I think that both police and military forces have shown a disproportionately
violent response.

Last INDH (National Institute of Human Rights) report [1] says there have been
3193 detainees, 1092 injured in hospitals, and 88 lawsuits, of which 17 are
for sexual harassment (including rape).

It might sound "reasonable" for some to declare emergency state and send
military forces to the streets, but it's the first time that something like
this happened since the dictatorship. Police officers are throwing teargas to
kids and the elderly in the protests. There's also a big number of injuries
that will never get to be informed.

About the reasons, I would say inequality. The increase in train fares is
nothing more than a detonator. There's no organization leading the movement,
so the demands are scattered (pensions, health, social contract,
neoliberalism, concessioned highways, etc).

[1]
[https://twitter.com/inddhh/status/1188525375577645057](https://twitter.com/inddhh/status/1188525375577645057)

------
Zenst
Interesting how a story is told can influence perspective:
[https://www.bbc.co.uk/news/world-latin-
america-50197673](https://www.bbc.co.uk/news/world-latin-america-50197673)

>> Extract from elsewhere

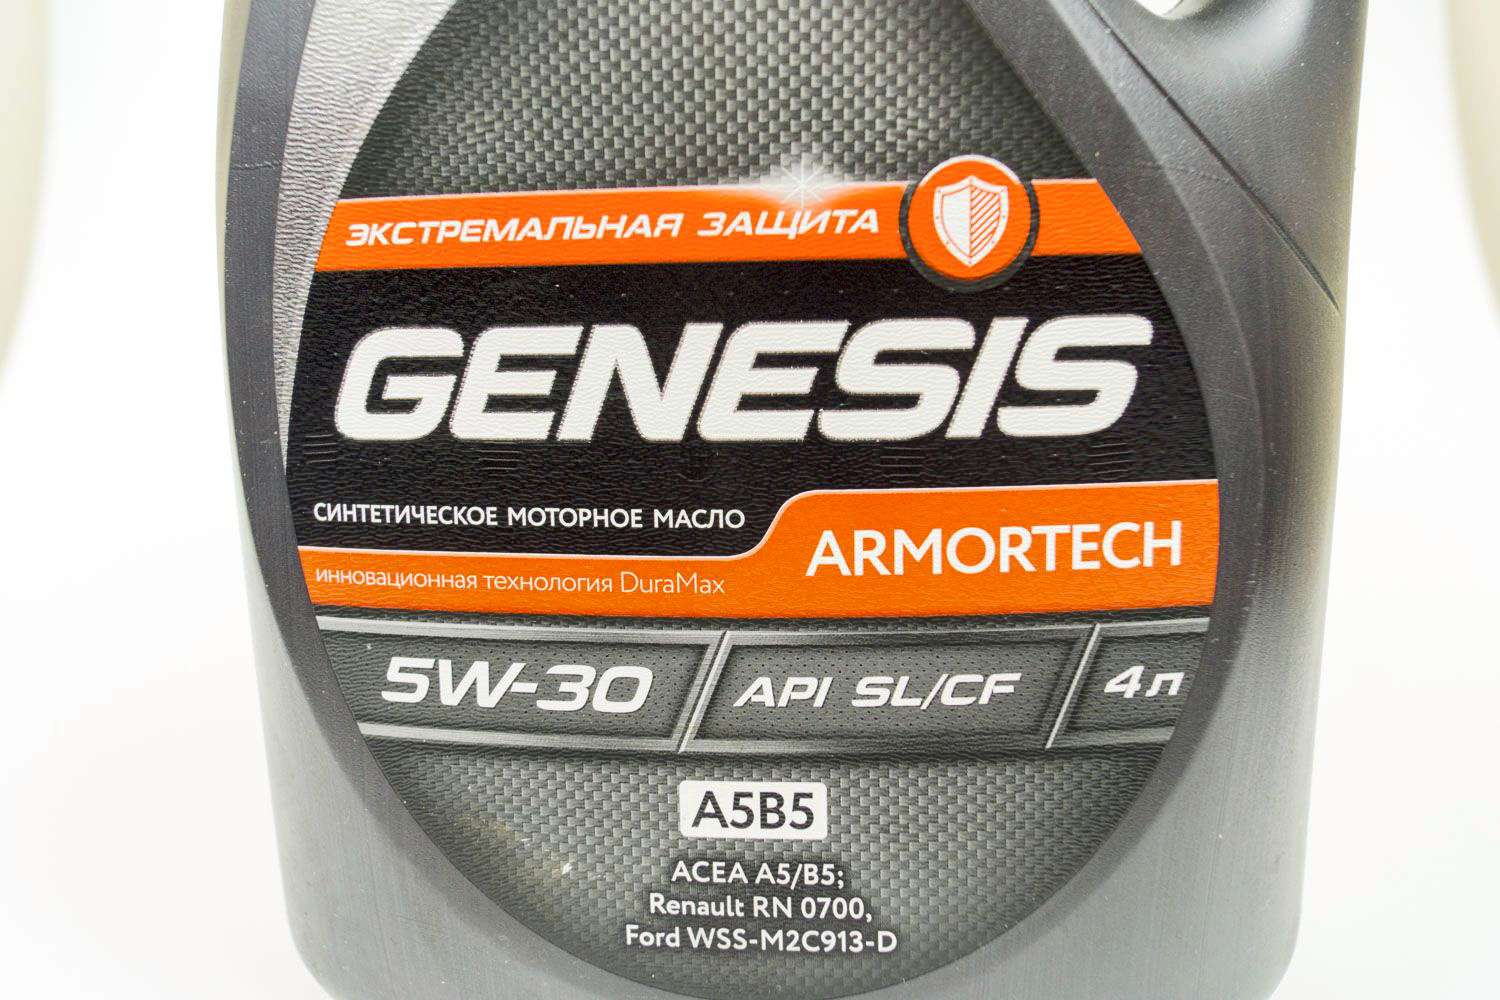 Масло лукойл армотек 5w30. Genesis Armortech 5w-30. Lukoil Genesis Armortech 5w-30. Genesis Armortech 5w30 защита. Lukoil Genesis 5w30 SL/CF a5/b5.
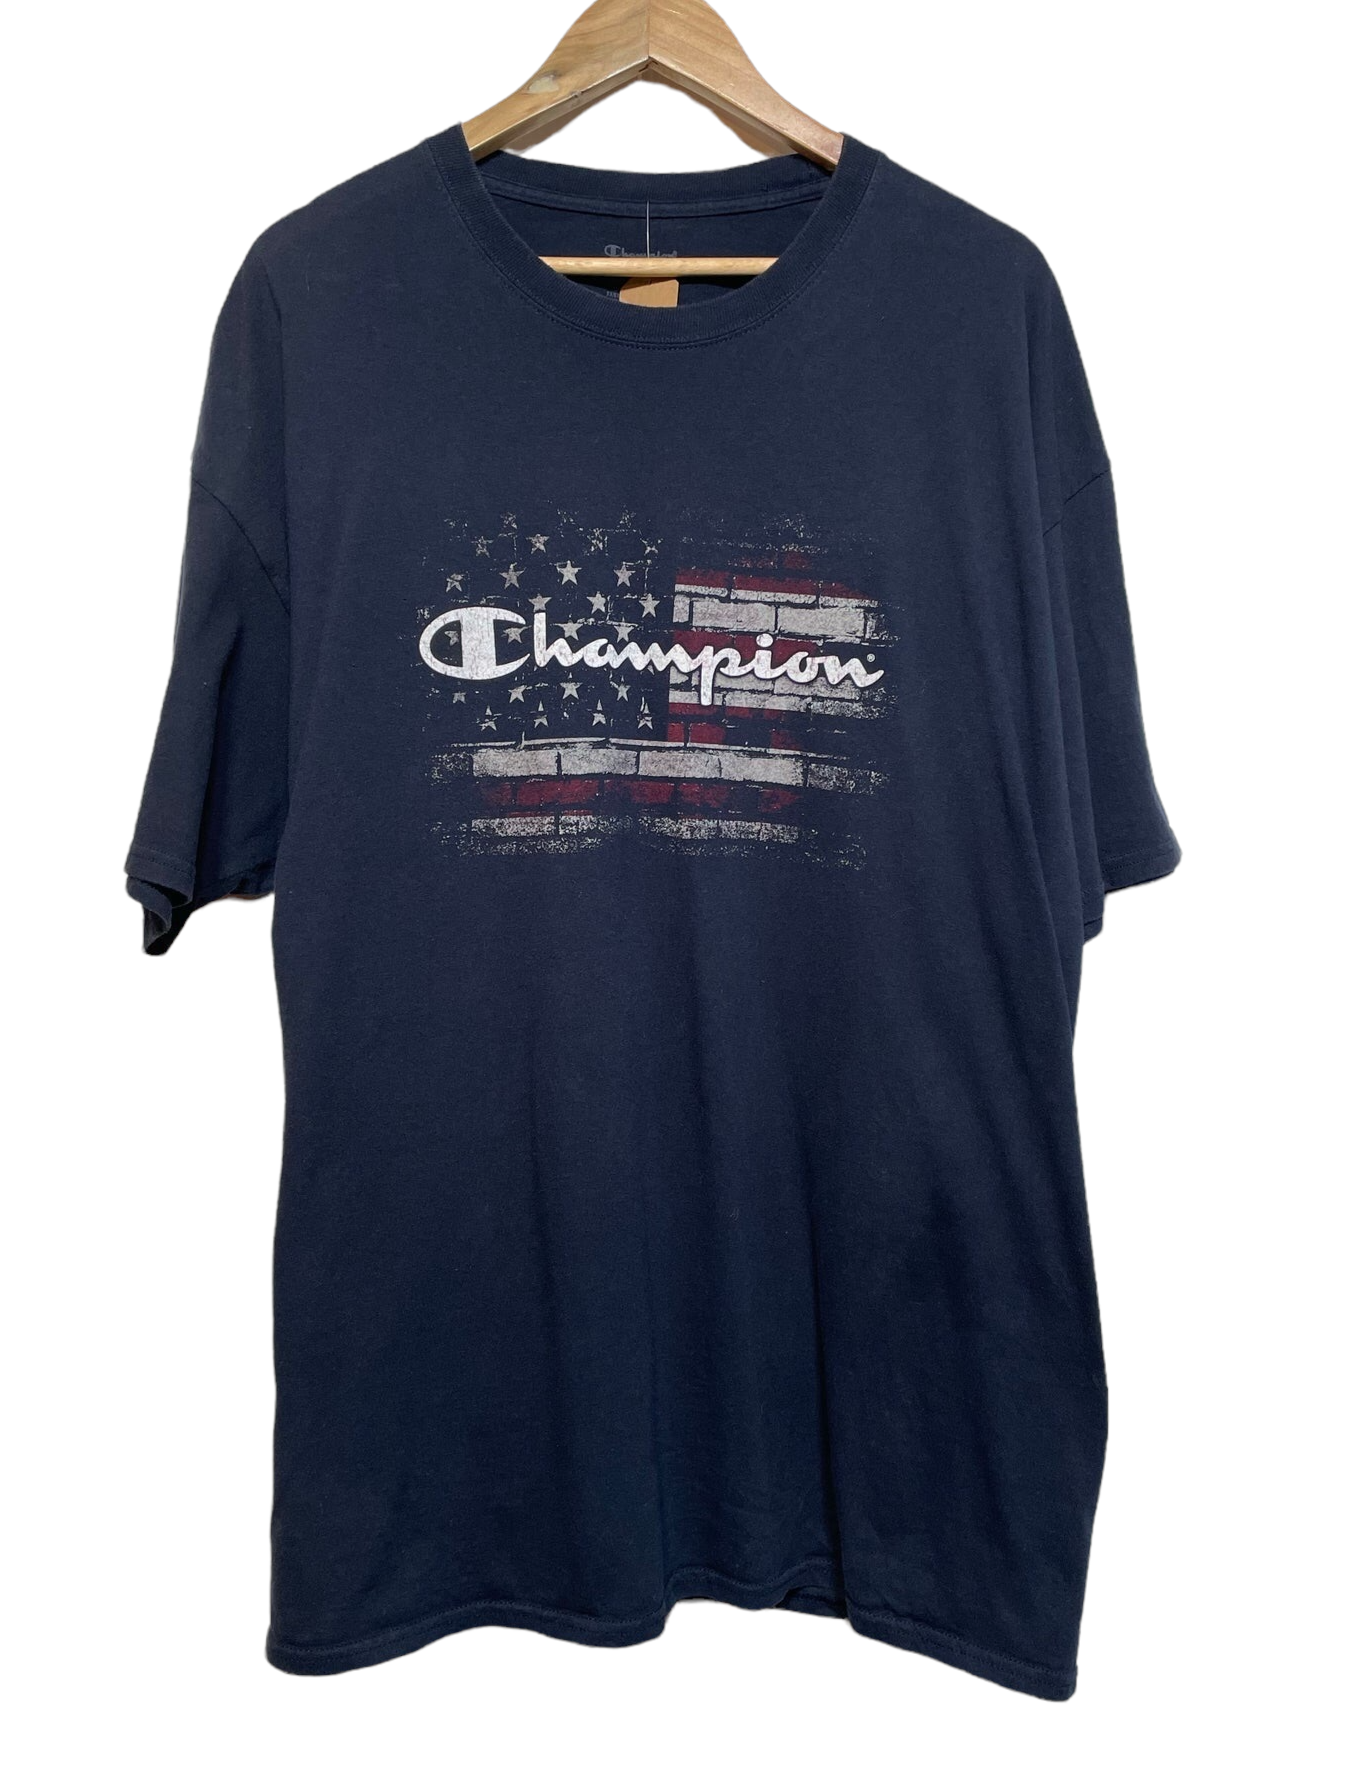 Champion Flag T-Shirt (Size XL)

Equally, you can read one side from one perspective and ends up fueling it in
that direction or read it from another perspective and be more focused upon
the resolution and maybe fuel that tangent.

Just interesting how news is portrayed and how it can emotionally drive social
media ,which can only fuel the angst over solving it. At least, that is one
aspect I've become more mindful of over time.

------
rayiner
There is important context about Chile that people need to understand. Chile
is by far the freest economy in Latin America:
[https://www.heritage.org/index/ranking](https://www.heritage.org/index/ranking).
Chile also has the highest per capita income:
[https://en.m.wikipedia.org/wiki/List_of_South_American_count...](https://en.m.wikipedia.org/wiki/List_of_South_American_countries_by_GDP_\(PPP\)_per_capita).
And it has the highest human development index:
[https://en.wikipedia.org/wiki/List_of_Latin_American_countri...](https://en.wikipedia.org/wiki/List_of_Latin_American_countries_by_Human_Development_Index)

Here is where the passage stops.